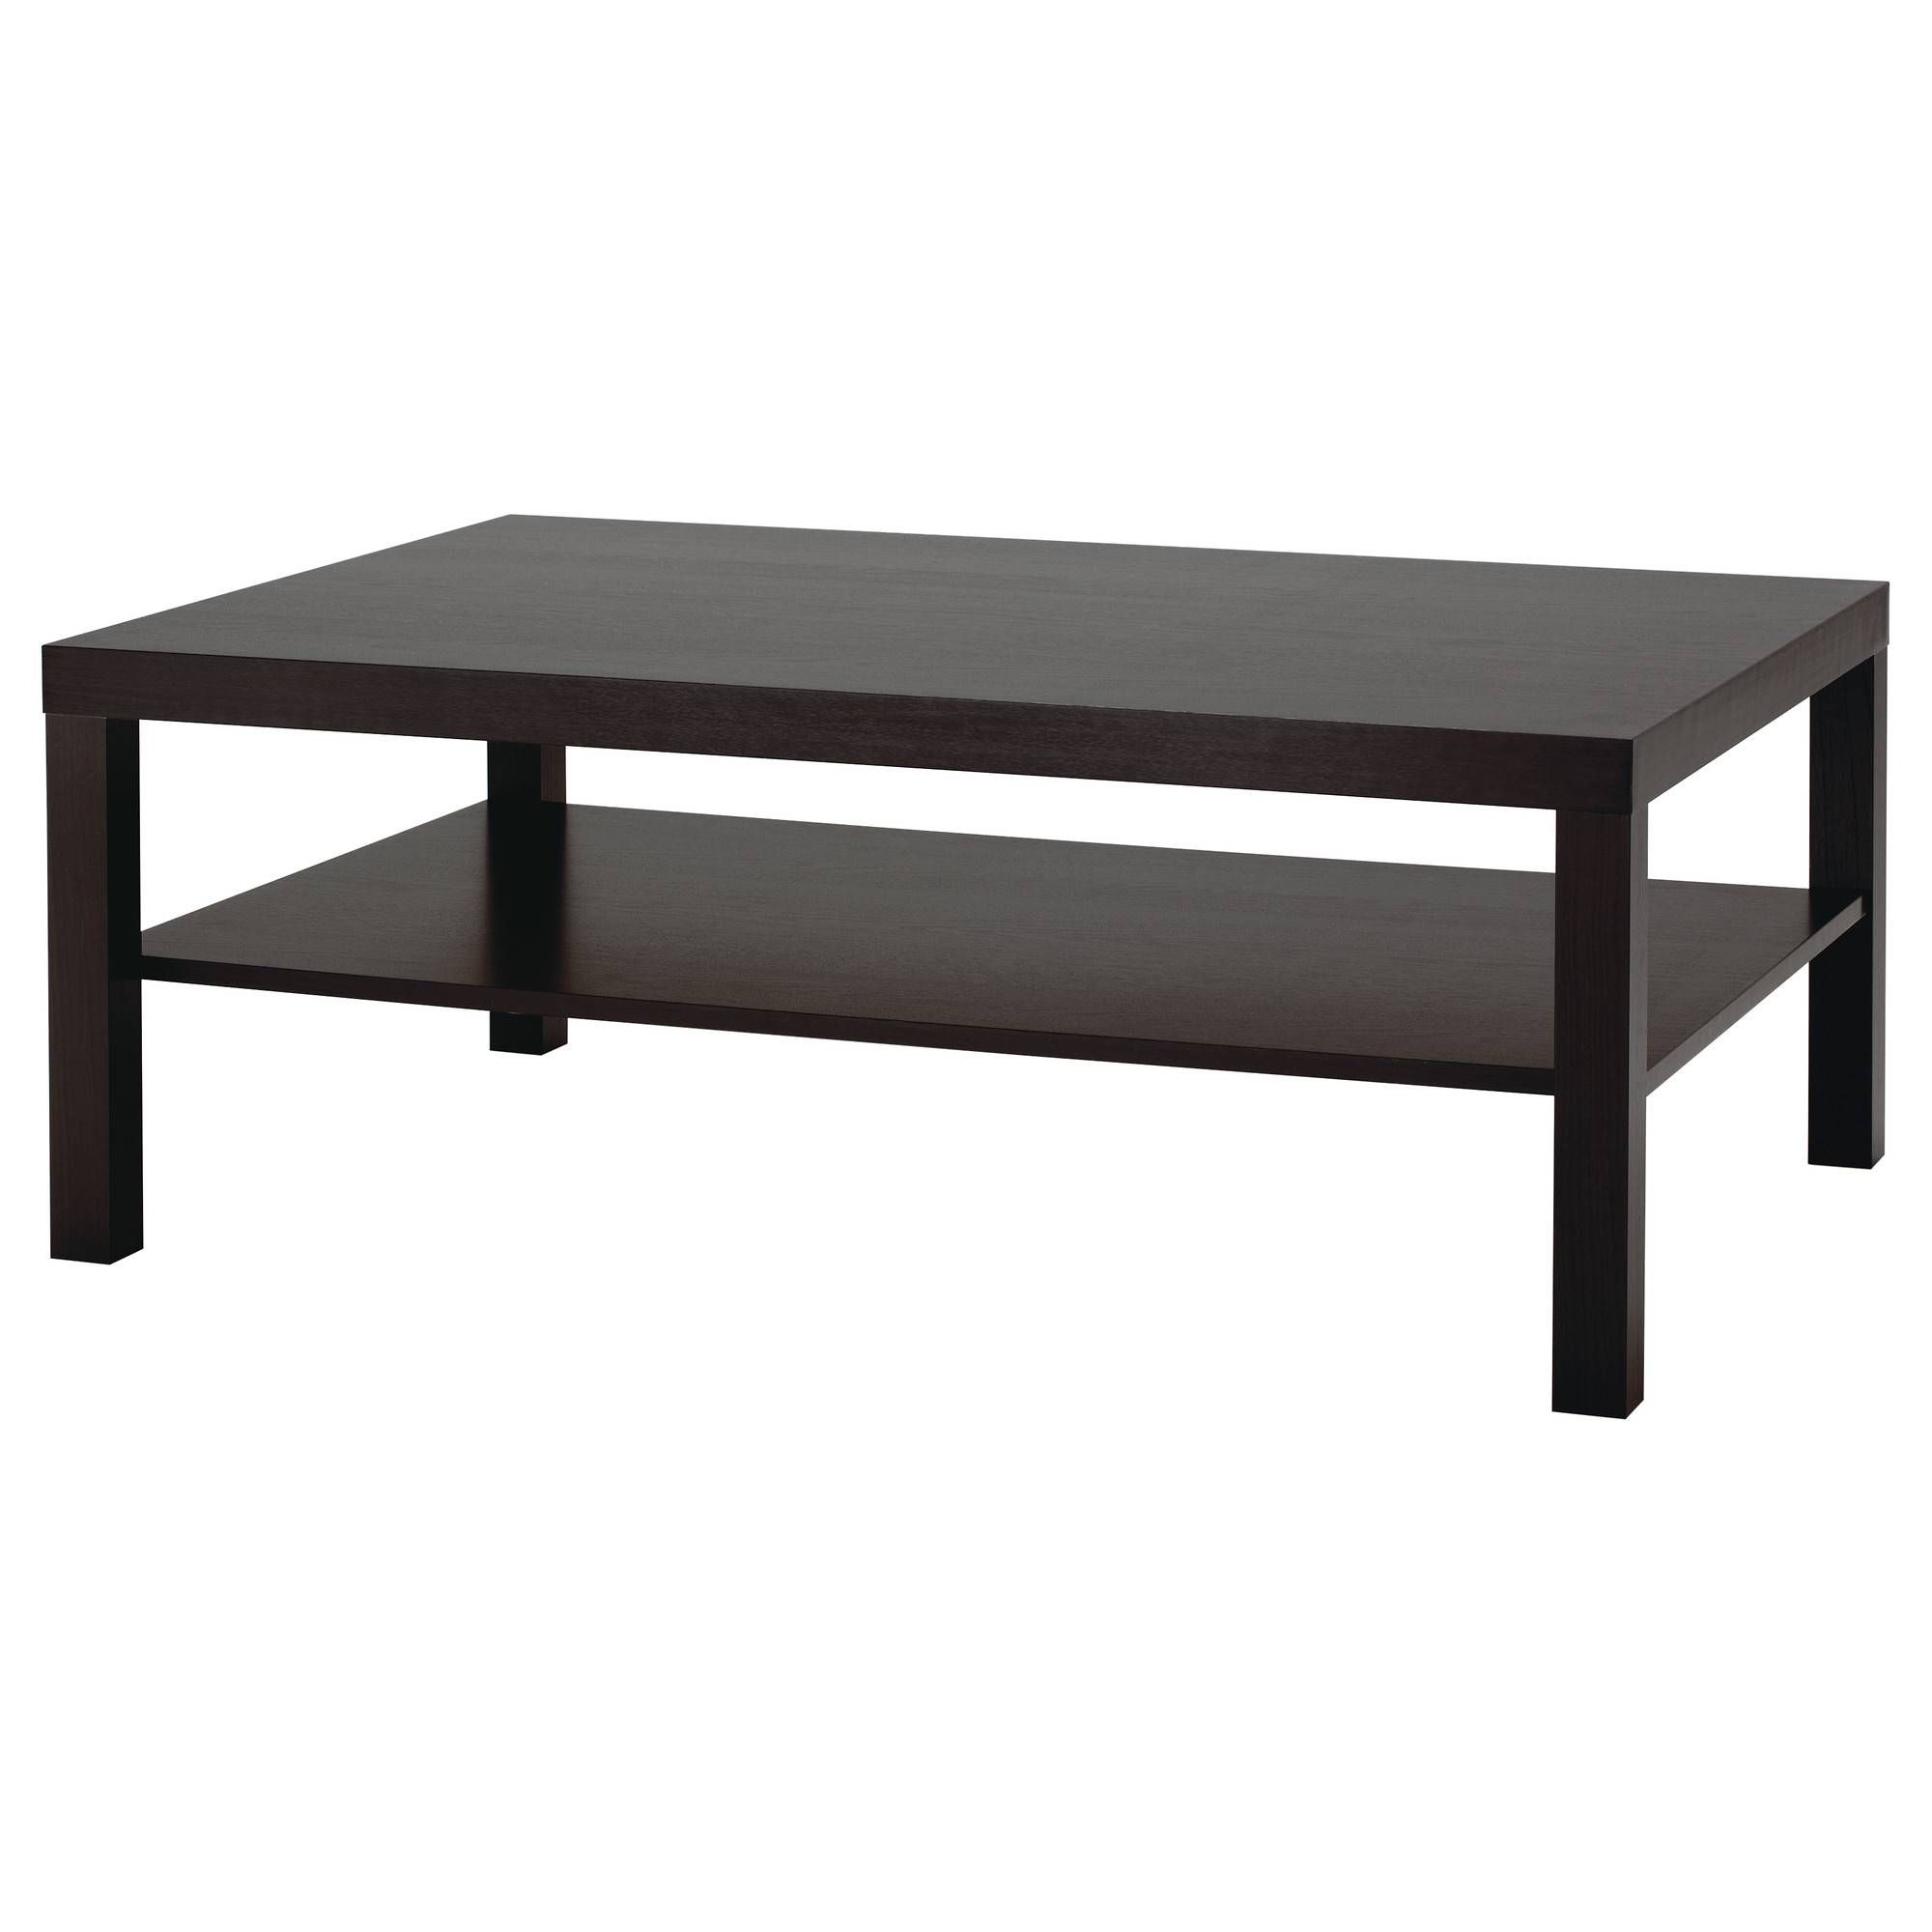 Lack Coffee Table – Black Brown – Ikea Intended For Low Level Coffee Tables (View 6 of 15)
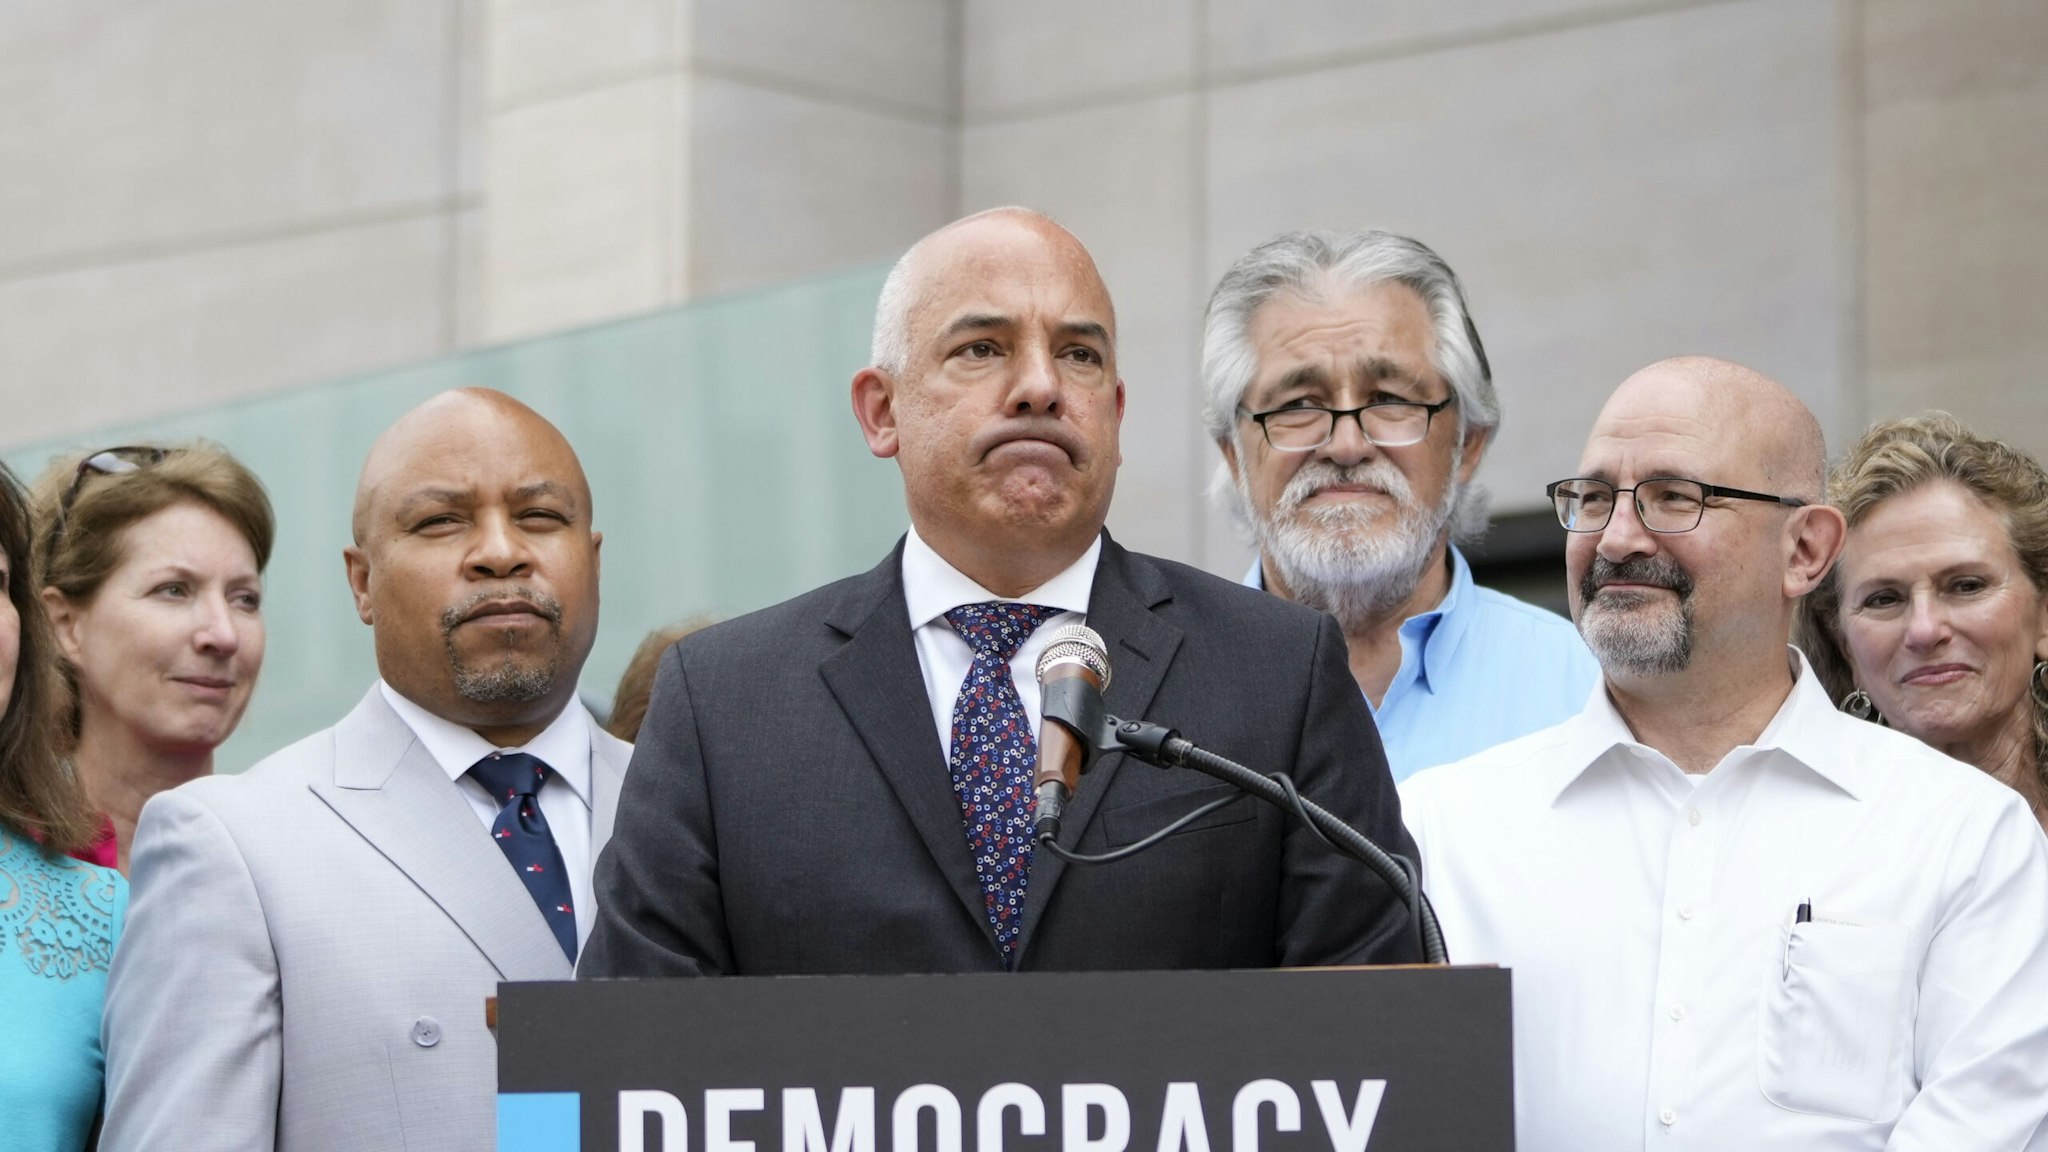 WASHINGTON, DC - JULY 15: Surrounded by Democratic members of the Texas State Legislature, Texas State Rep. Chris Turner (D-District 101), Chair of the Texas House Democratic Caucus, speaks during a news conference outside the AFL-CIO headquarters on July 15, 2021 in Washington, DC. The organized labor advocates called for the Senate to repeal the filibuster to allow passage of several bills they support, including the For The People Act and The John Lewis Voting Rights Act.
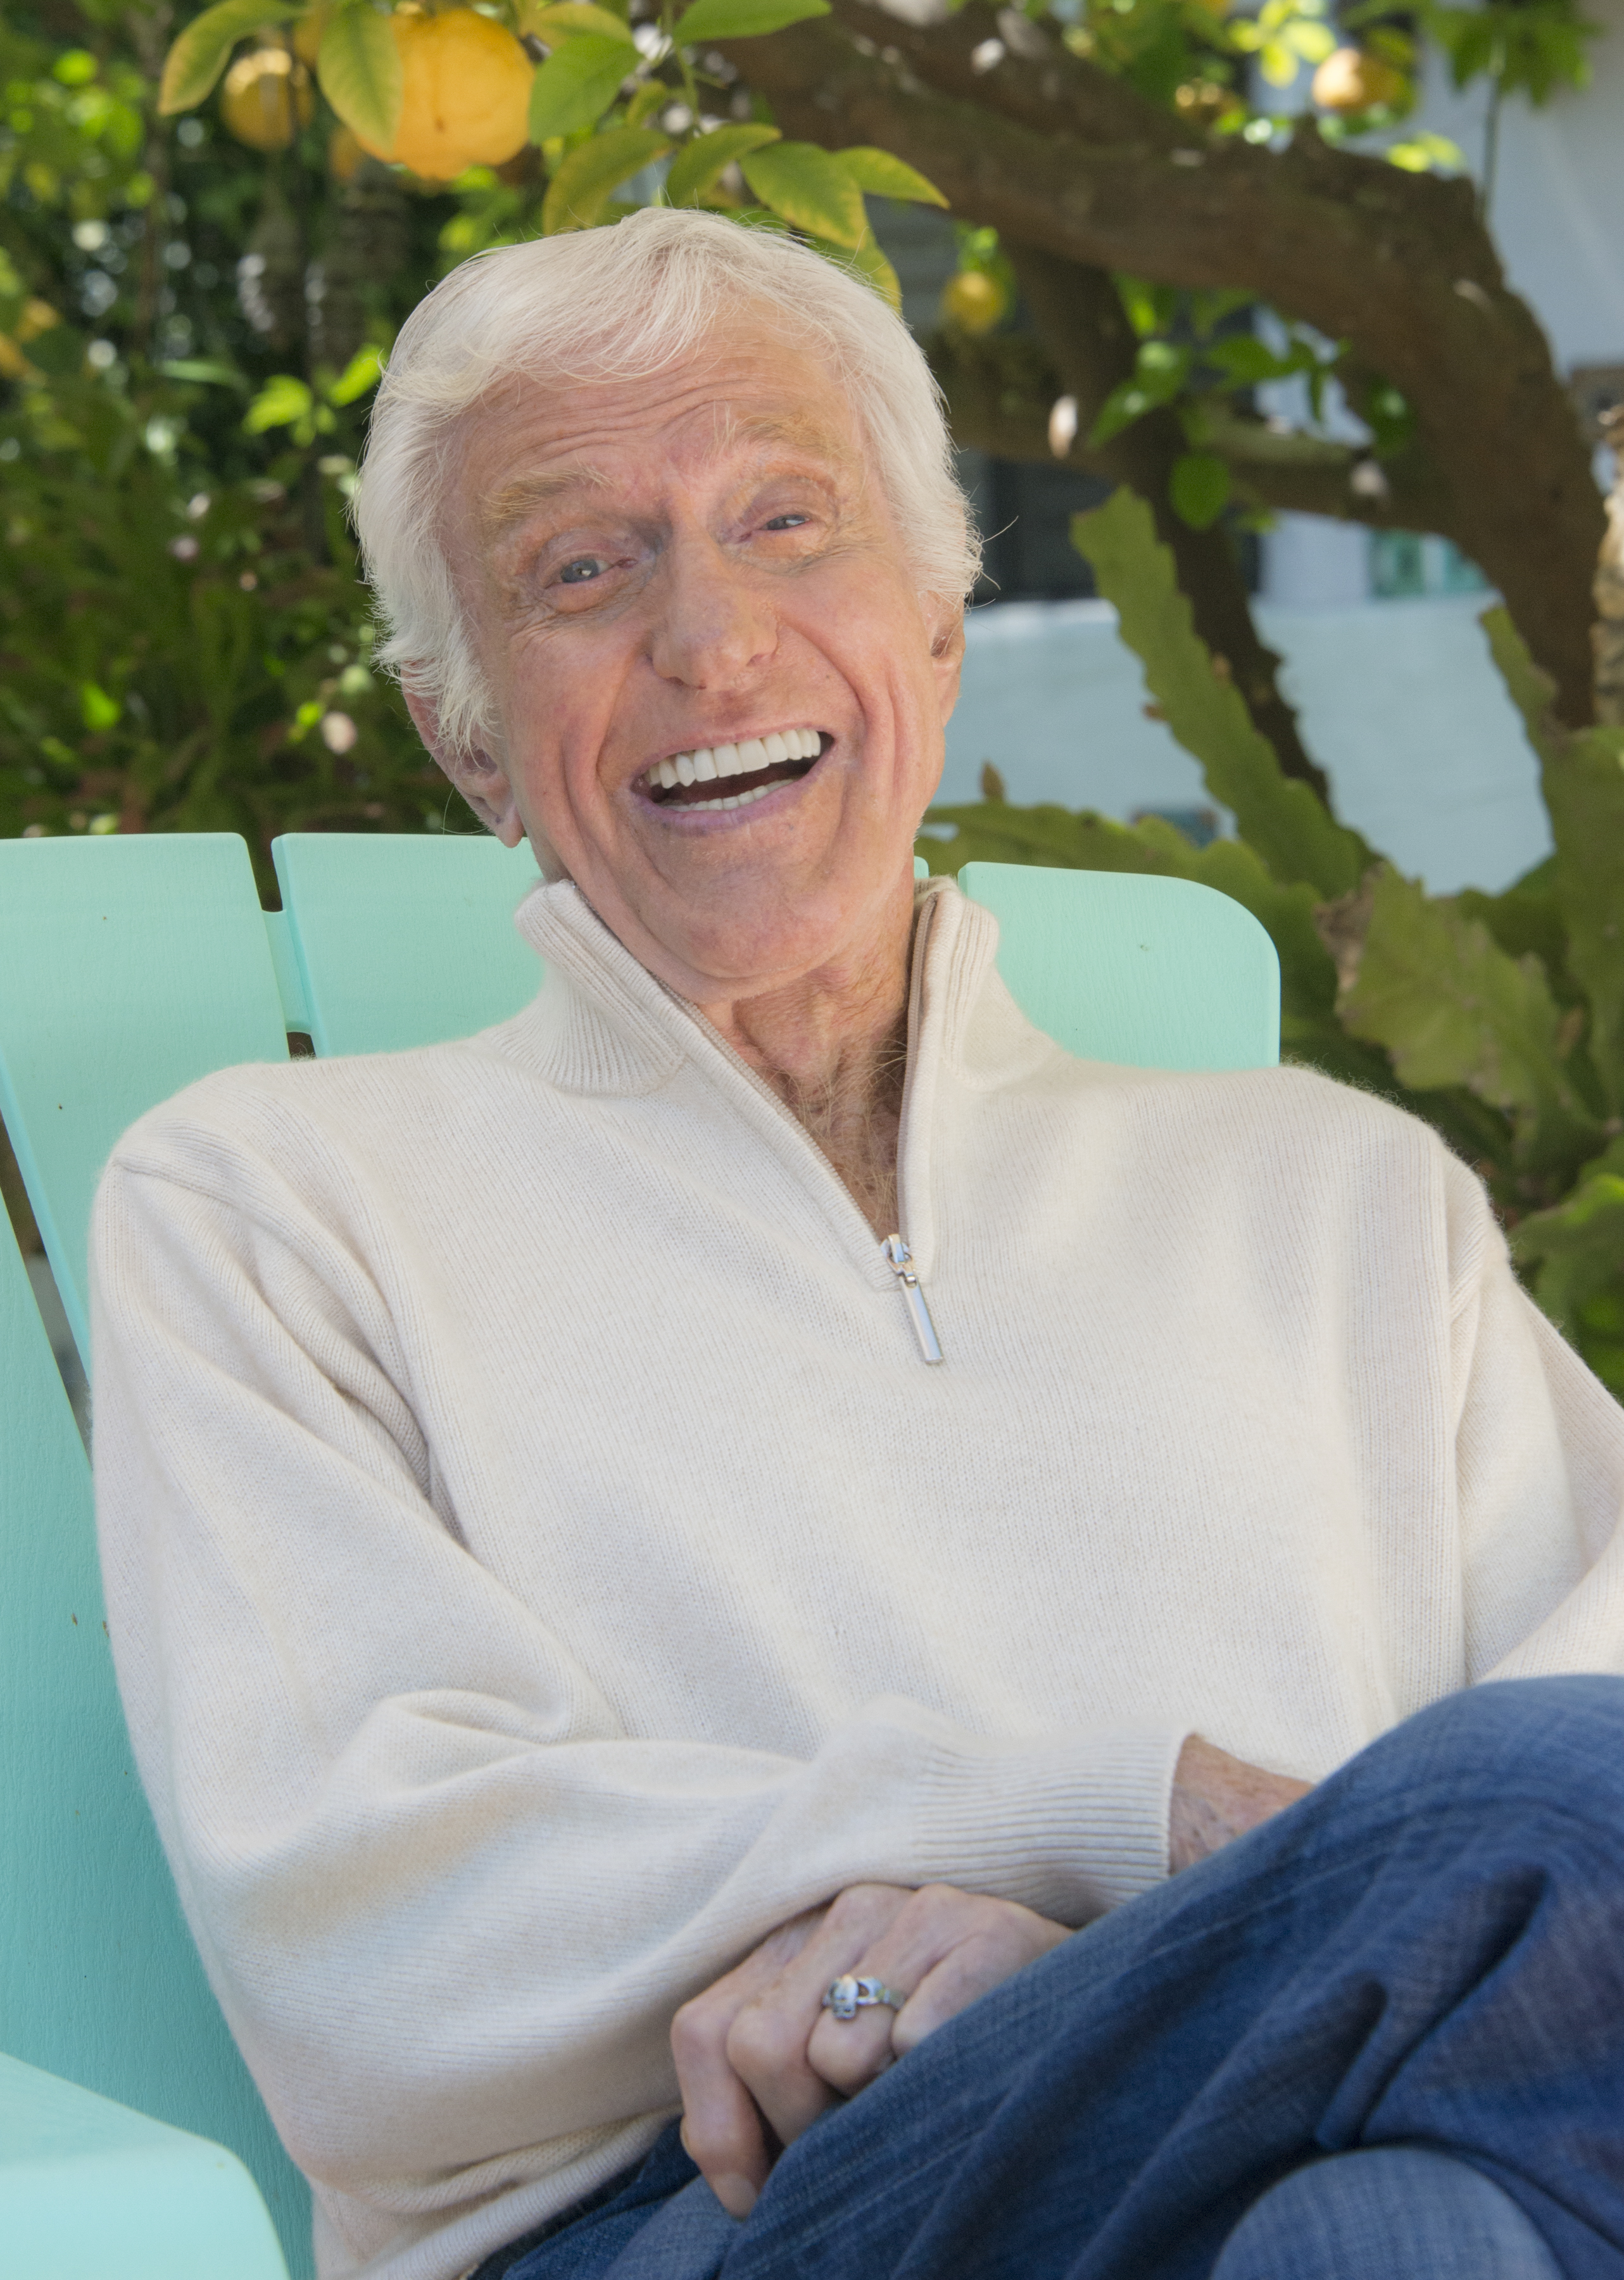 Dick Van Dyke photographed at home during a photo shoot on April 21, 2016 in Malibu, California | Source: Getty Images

▶ What you should do
Omit the pictures and write out exactly the lines from the one containing "WASHINGTON, DC - JULY" through the last line of the material.

▶ The answer
 WASHINGTON, DC - JULY 15: Surrounded by Democratic members of the Texas State Legislature, Texas State Rep. Chris Turner (D-District 101), Chair of the Texas House Democratic Caucus, speaks during a news conference outside the AFL-CIO headquarters on July 15, 2021 in Washington, DC. The organized labor advocates called for the Senate to repeal the filibuster to allow passage of several bills they support, including the For The People Act and The John Lewis Voting Rights Act.
 Dick Van Dyke photographed at home during a photo shoot on April 21, 2016 in Malibu, California | Source: Getty Images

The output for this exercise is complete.